33.6. Notwithstanding anything to the contrary herein contained, a Written notice or communication

actually received by a Party shall be an adequate Written notice or communication to it

notwithstanding that it was not sent to or delivered at its chosen domicilium citandi et

executandi.

34. WHOLE AGREEMENT, NO AMENDMENT

34.1. This Trust Deed constitutes the entire agreement between the Parties in regard to the subject

matter hereof and thereof and supersedes all other discussions, agreements and/or

understandings regarding the subject matter hereof and thereof.

34.2. No oral pactum de non petendo shall be of any force or effect.
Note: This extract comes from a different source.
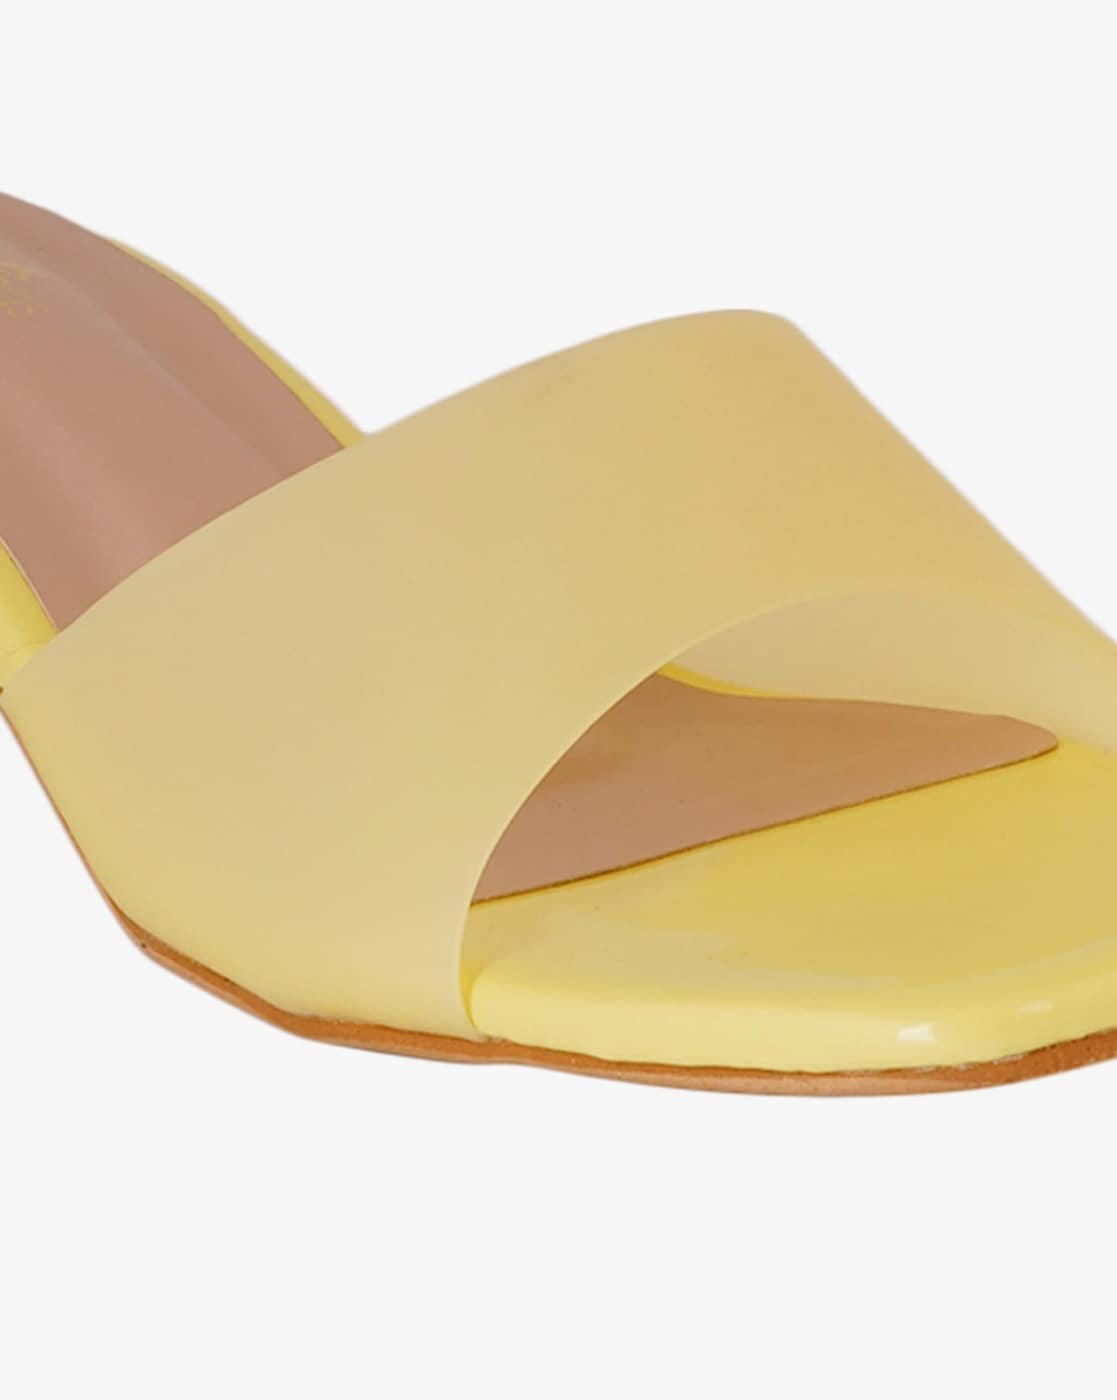 SKO Solid Yellow Single Toe Solid Sandals for women (UK 36) (Yellow) At Nykaa, Best Beauty Products Online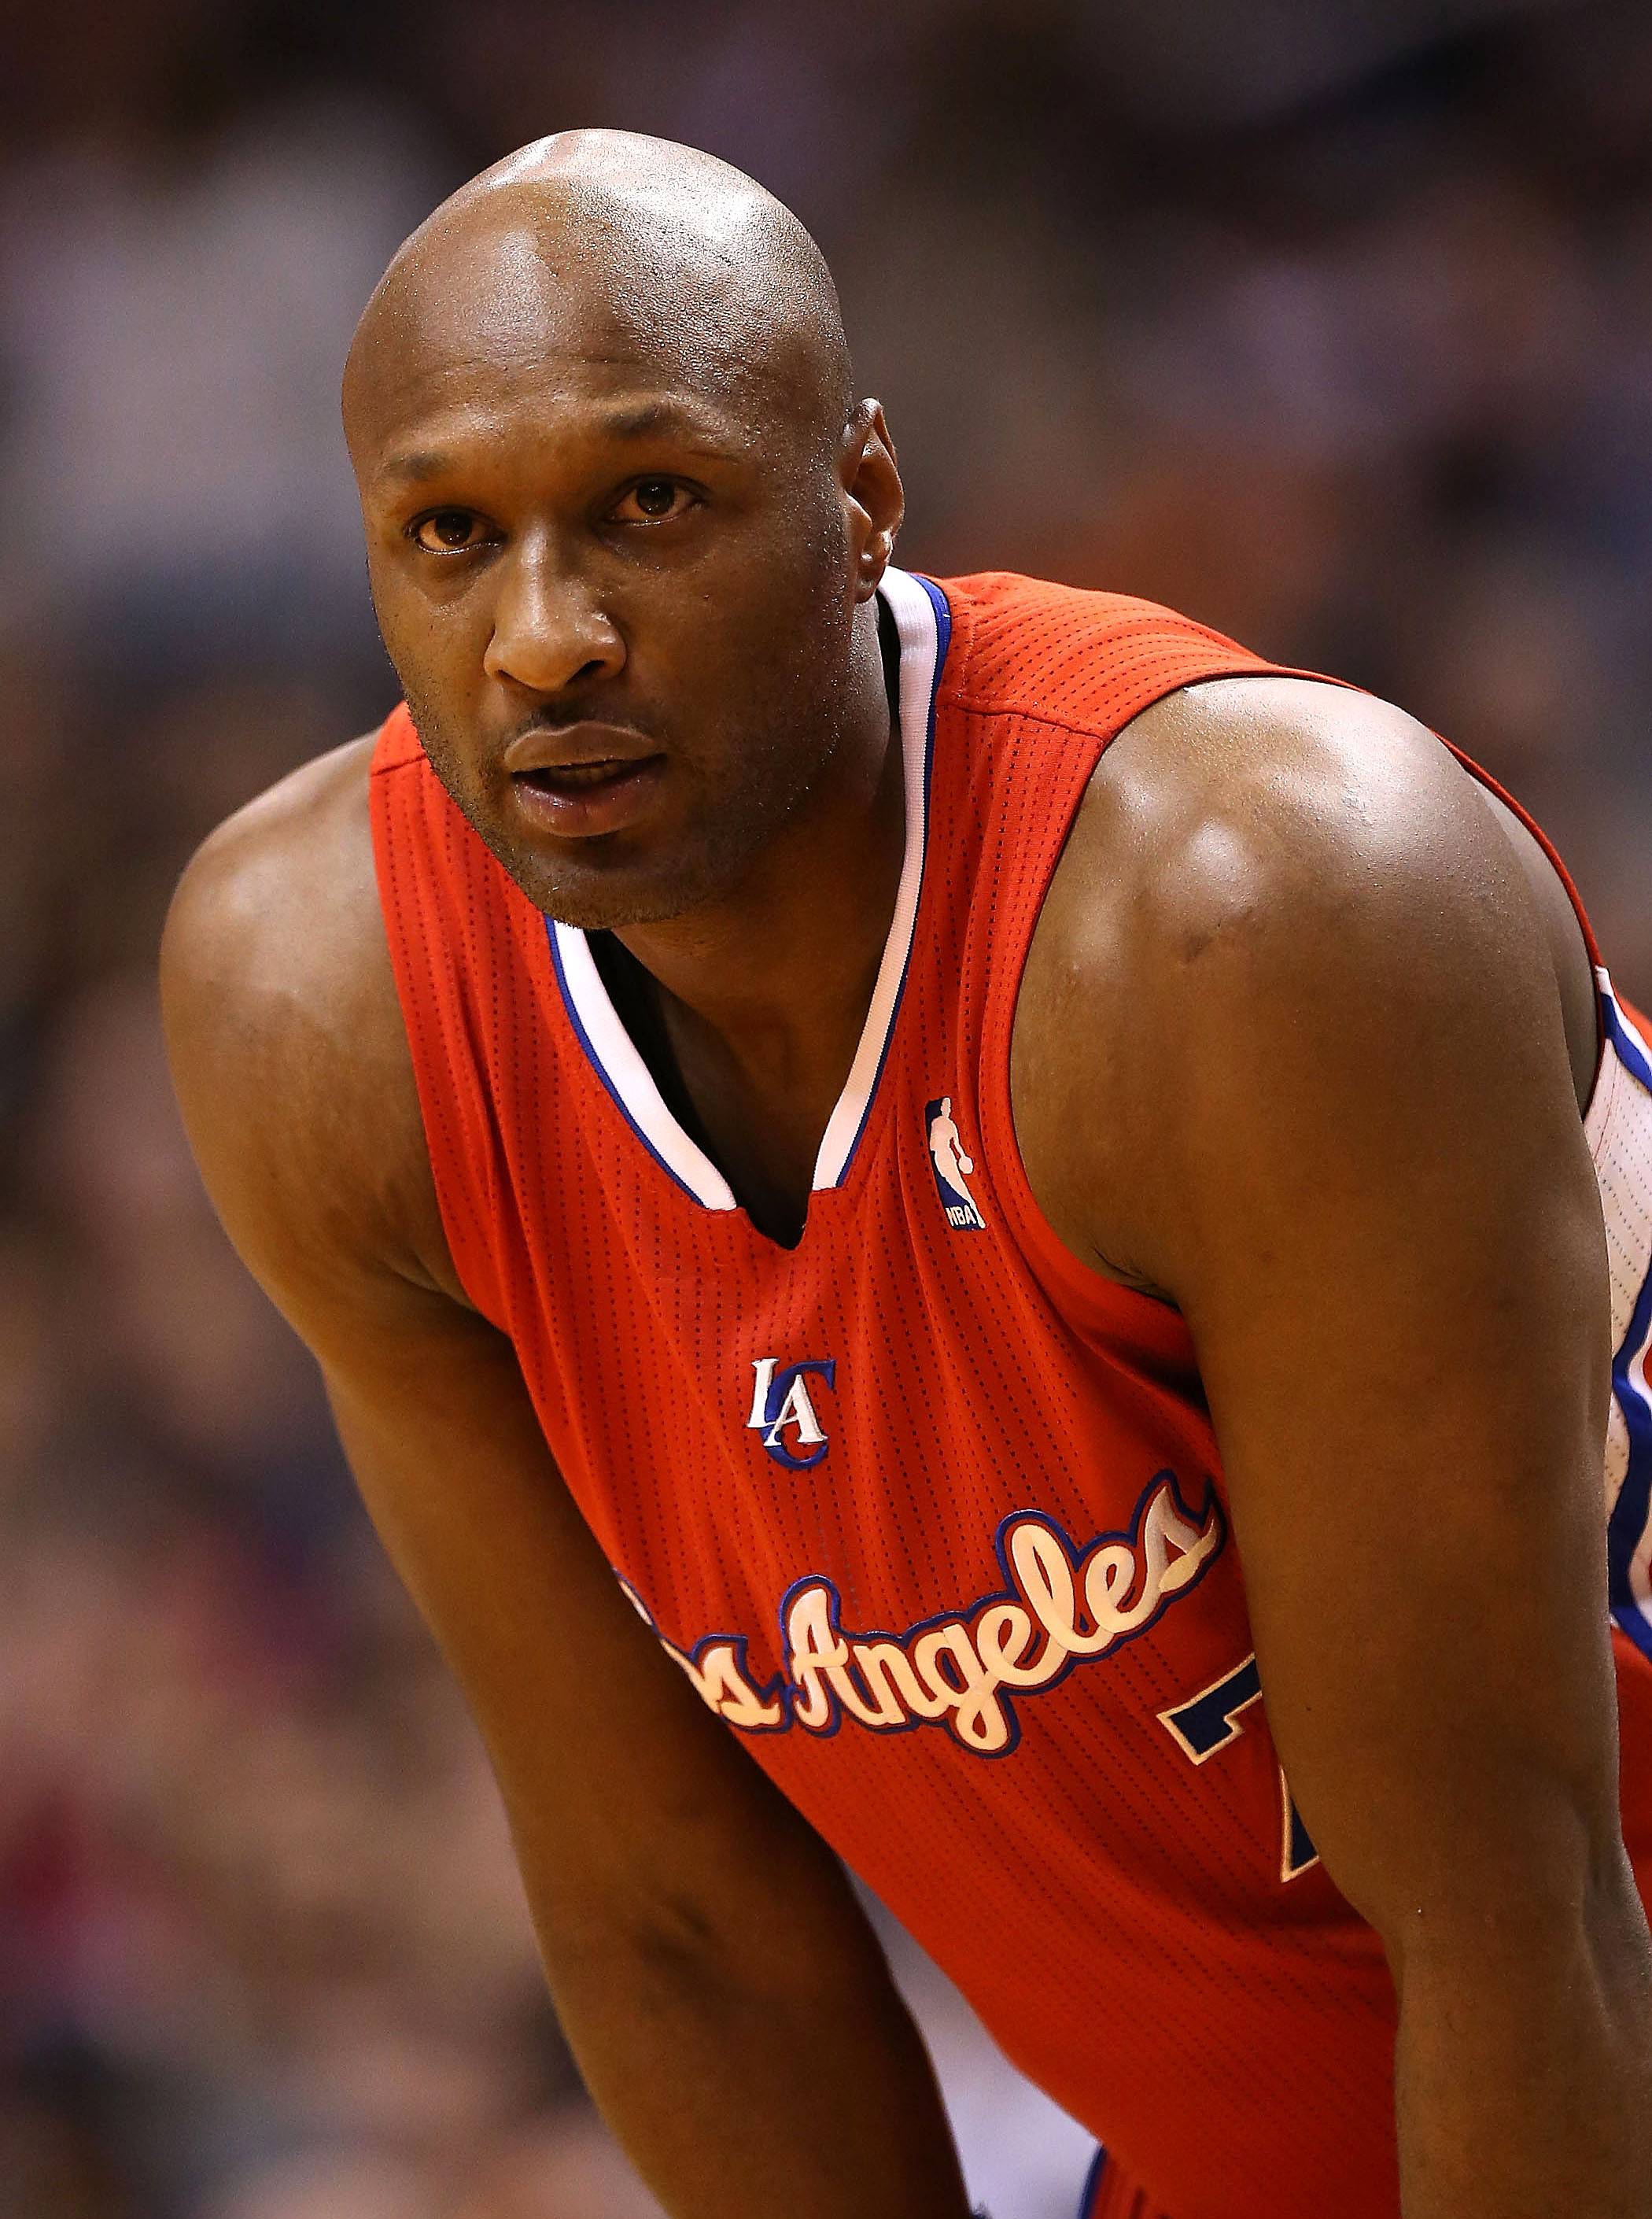 Lamar Odom Gets His - Image 1 from Lamar Odom's Ups and Downs

34.3. No extension of time or waiver or relaxation of any of the provisions or terms of this Trust

Deed, or any agreement, bill of exchange or other document issued or executed pursuant to

44

or in terms of this Trust Deed, shall operate as an estoppel against any Party in respect of its

rights under this Trust Deed, nor shall it operate so as to preclude such Party (save as to any

extension, waiver or relaxation actually given) thereafter from exercising its rights strictly in

accordance with this Trust Deed.

34.4. To the extent permissible by law, no Party shall be bound by any express or implied or tacit

term, representation, warranty, promise or the like not recorded herein, whether it induced

their entry into this Trust Deed and/or whether it was negligent or not.

34.5. Any provision in this Trust Deed which is or may become illegal, invalid or unenforceable in

any jurisdiction affected by this Trust Deed shall, as to such jurisdiction, be ineffective to the

extent of such prohibition or unenforceability and shall be treated pro non scripto and severed

from the balance of this Trust Deed, without invalidating the remaining provisions of this Trust

Deed or affecting the validity or enforceability of such provision in any other jurisdiction.

35. GOVERNING LAW

This Trust Deed shall in all respects (including its existence, validity, interpretation, implementation,

termination and enforcement) be governed by the laws of South Africa which is applicable to trust

deeds and agreements executed and wholly performed within South Africa.